March 18, 2015 / 12:08 PM / in 3 years

Japan ruling bloc agrees on new security legislation

TOKYO (Reuters) - Japan’s ruling parties reached broad agreement on Wednesday that paves the way for the most drastic change in the nation’s security policy in six decades and sets the stage to update guidelines for defense cooperation with Washington.

Japan's Prime Minister Shinzo Abe attends the Symposium of the 70th Anniversary of the United Nations, at the United Nations University in Tokyo, March 16, 2015. REUTERS/Toru Hanai

Prime Minister Shinzo Abe’s cabinet last July adopted a resolution that would drop a self-imposed ban on exercising the right of collective self-defense, or militarily aiding a friendly country under attack.

The planned changes will be reflected in new U.S.-Japan defense guidelines that could be unveiled next month at a possible meeting of foreign and defense ministers from the two allies ahead of Abe’s visit to Washington for a summit with U.S. President Barack Obama.
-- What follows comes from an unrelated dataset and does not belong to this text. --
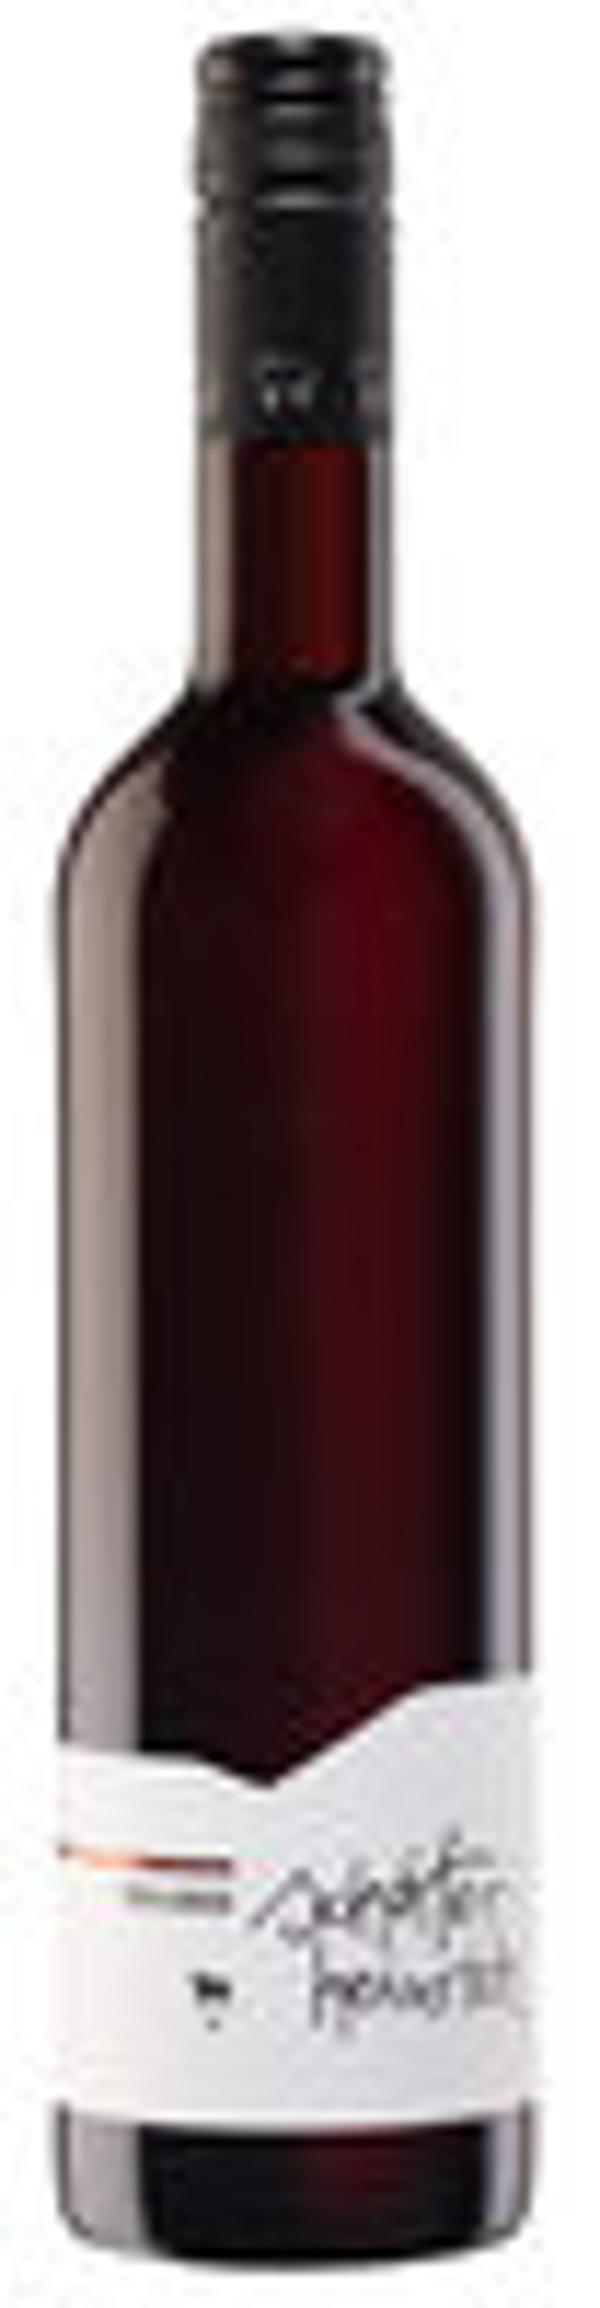 Produktfoto zu Trollinger Rotwein 6*0,75l Kiste

The update will be the first since 1997.

The changes will be made through legislation the government is expected to take to parliament as early as May. Abe’s Liberal Democratic Party (LDP) and its more dovish partner, the Komeito party, have been ironing out differences ahead of the drafting.
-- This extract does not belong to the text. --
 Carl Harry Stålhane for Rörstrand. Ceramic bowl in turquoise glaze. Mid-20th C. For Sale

“We have confirmed our common views to date concerning the direction toward preparing the legislation,” LDP Vice President Masahiko Komura told reporters, adding he hoped lawmakers from LDP and Komeito could seal the agreement at talks on Friday.

The July resolution allows Japan to exercise the minimum force necessary in case of an attack on a country with close ties to it, provided certain conditions are met.

These conditions range from a threat to Japan’s existence to a clear danger to its people’s right to life and liberty, or the lack of an appropriate alternative.

The draft pact said the new legislation needed to reflect these conditions, with parliamentary approval required to dispatch Japanese forces overseas.

The pact also called for new laws to allow provision of logistics support to foreign armed forces operating on a U.N. resolution, without needing a special law for every mission, as well as to widen Japan’s role in U.N. peace-keeping operations.